◆ **SOURCE INFORMATION**
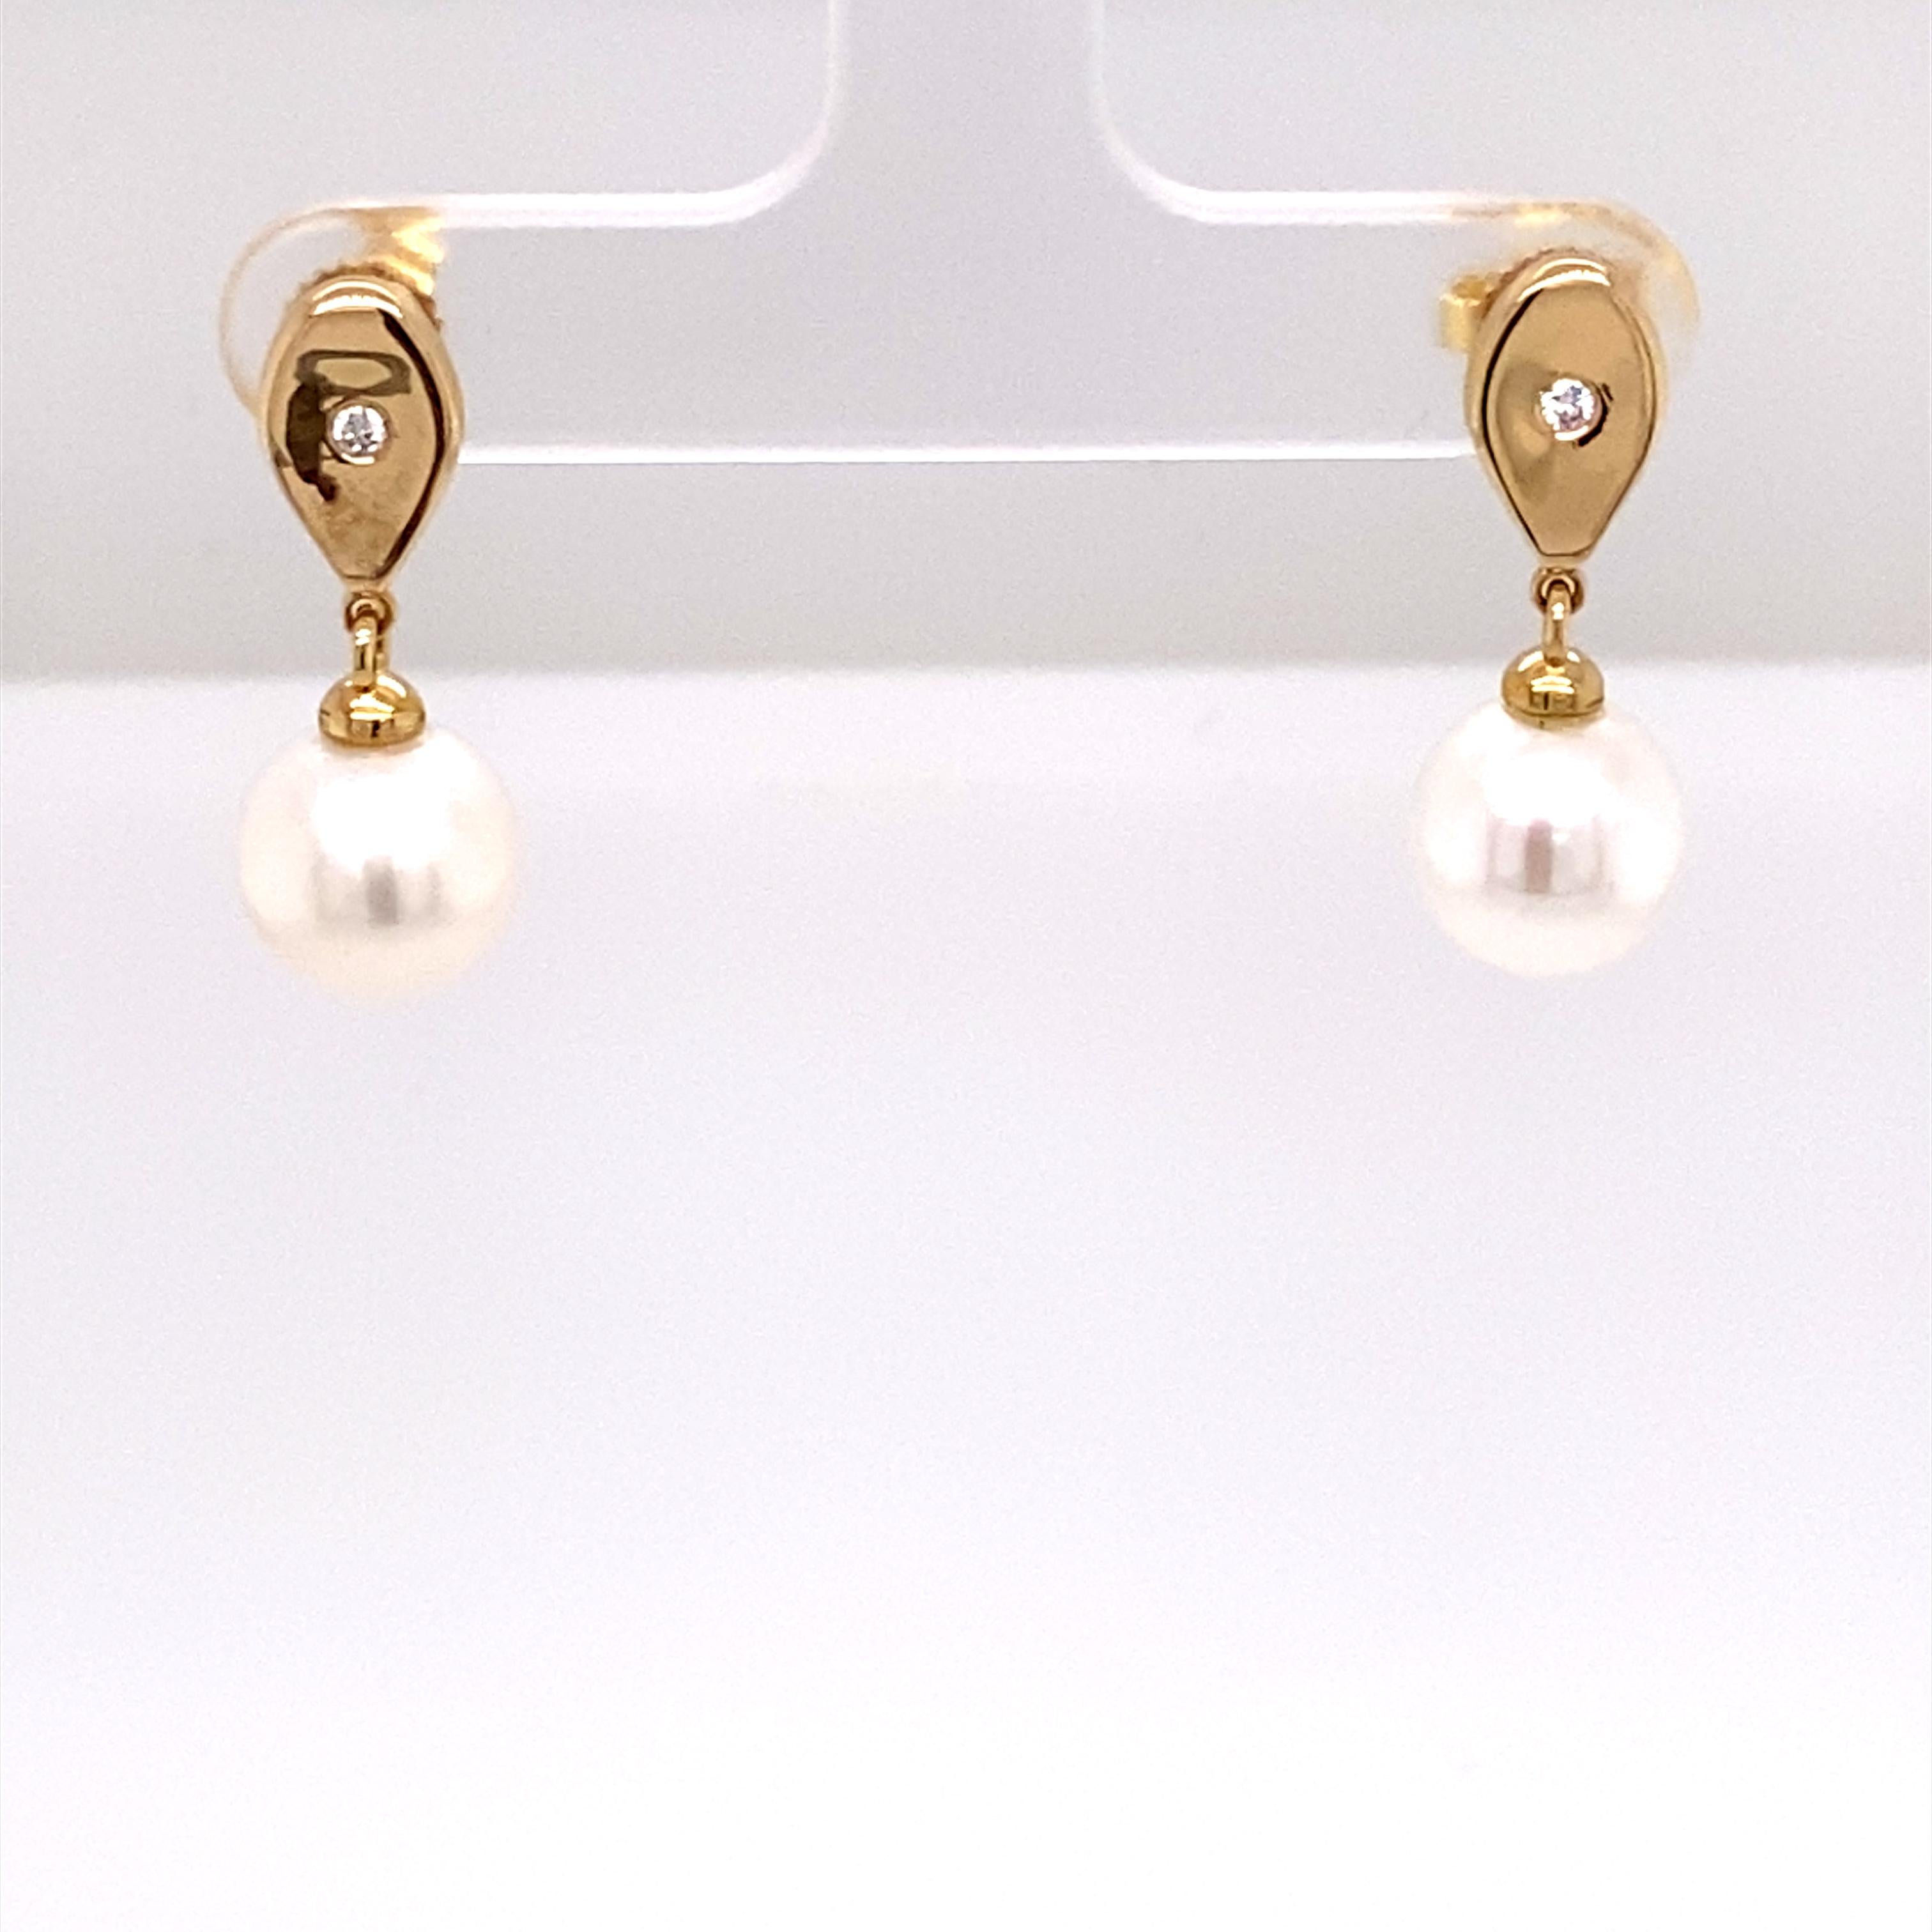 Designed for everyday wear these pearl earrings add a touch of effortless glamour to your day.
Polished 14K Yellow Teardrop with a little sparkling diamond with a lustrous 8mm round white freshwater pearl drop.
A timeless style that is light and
--
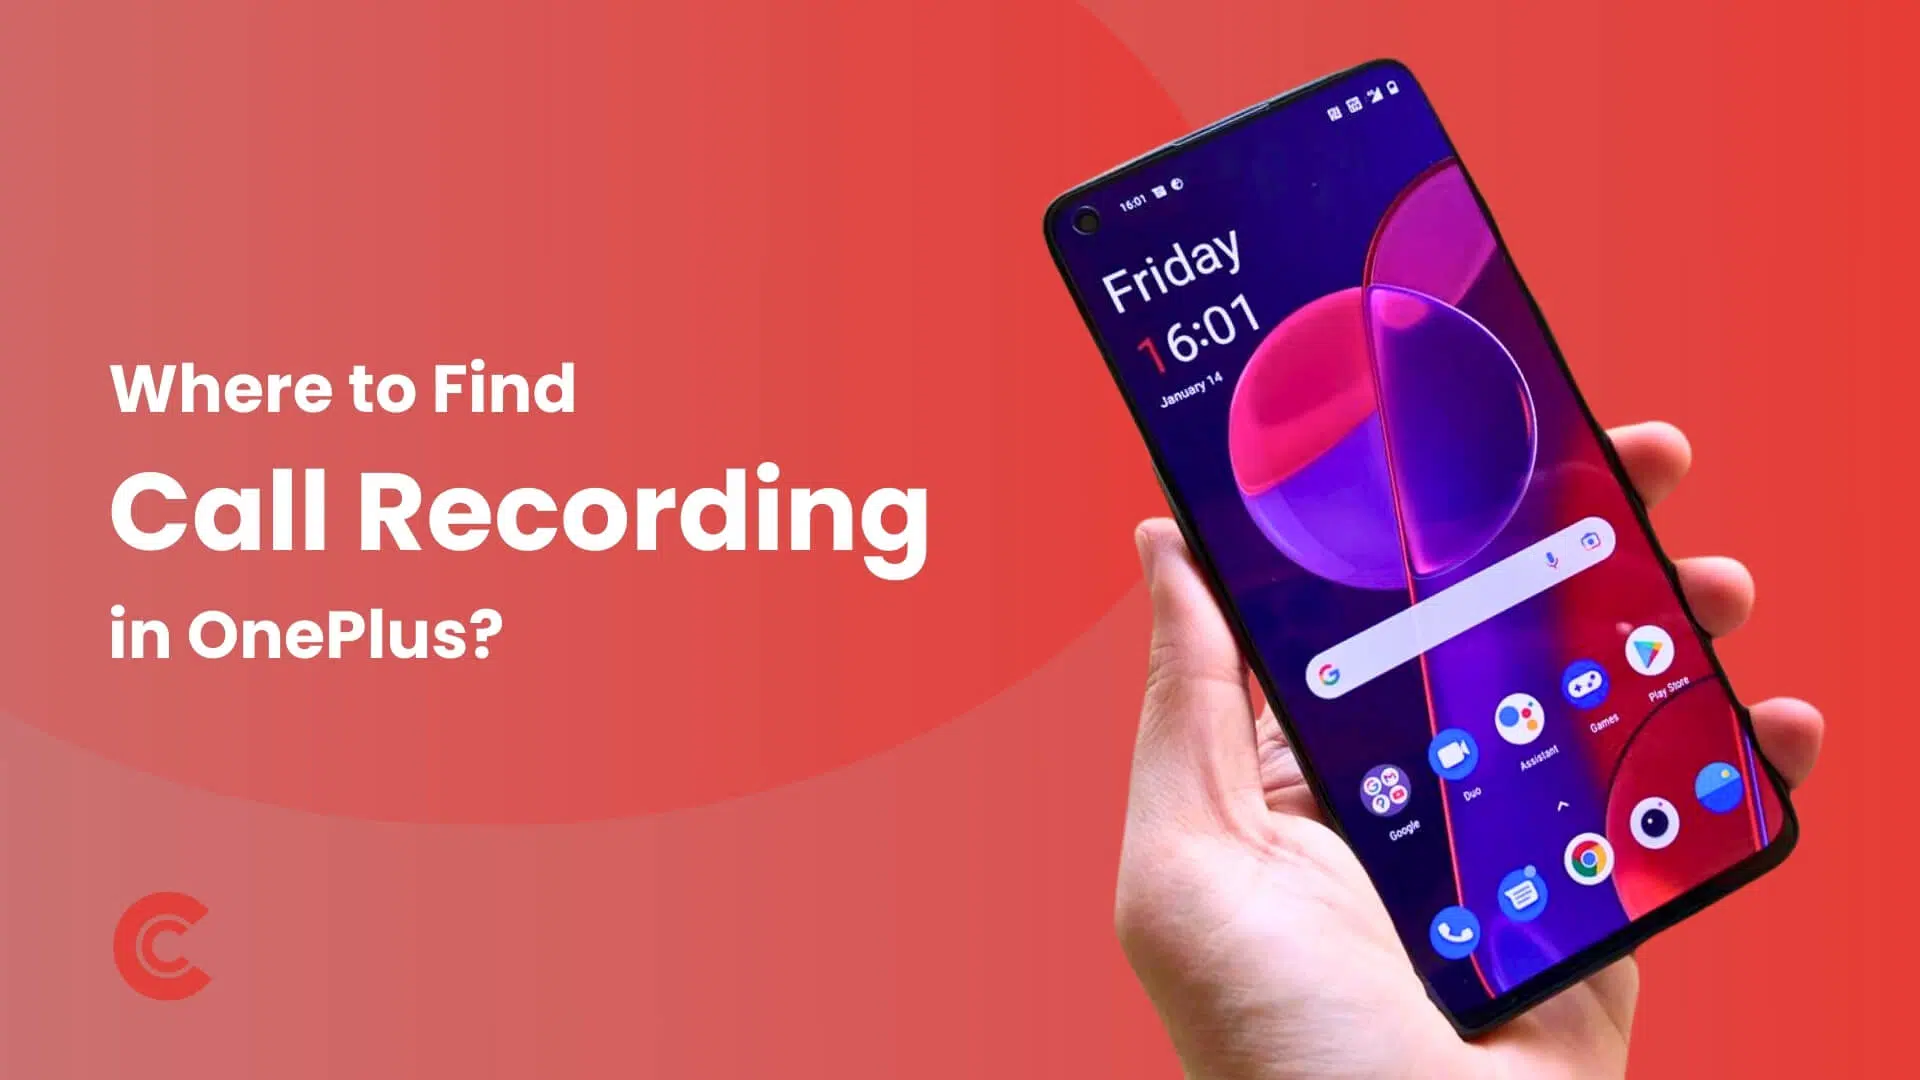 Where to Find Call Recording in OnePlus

◆ **WHAT YOU HAVE TO DO**
Could you repeat, exactly, only the lines above starting at the one that has "Designed for everyday" and stopping after the one that has "A timeless style that is light and", without the pictures?

◆ **WORKED SOLUTION**
 Designed for everyday wear these pearl earrings add a touch of effortless glamour to your day.
Polished 14K Yellow Teardrop with a little sparkling diamond with a lustrous 8mm round white freshwater pearl drop.
A timeless style that is light and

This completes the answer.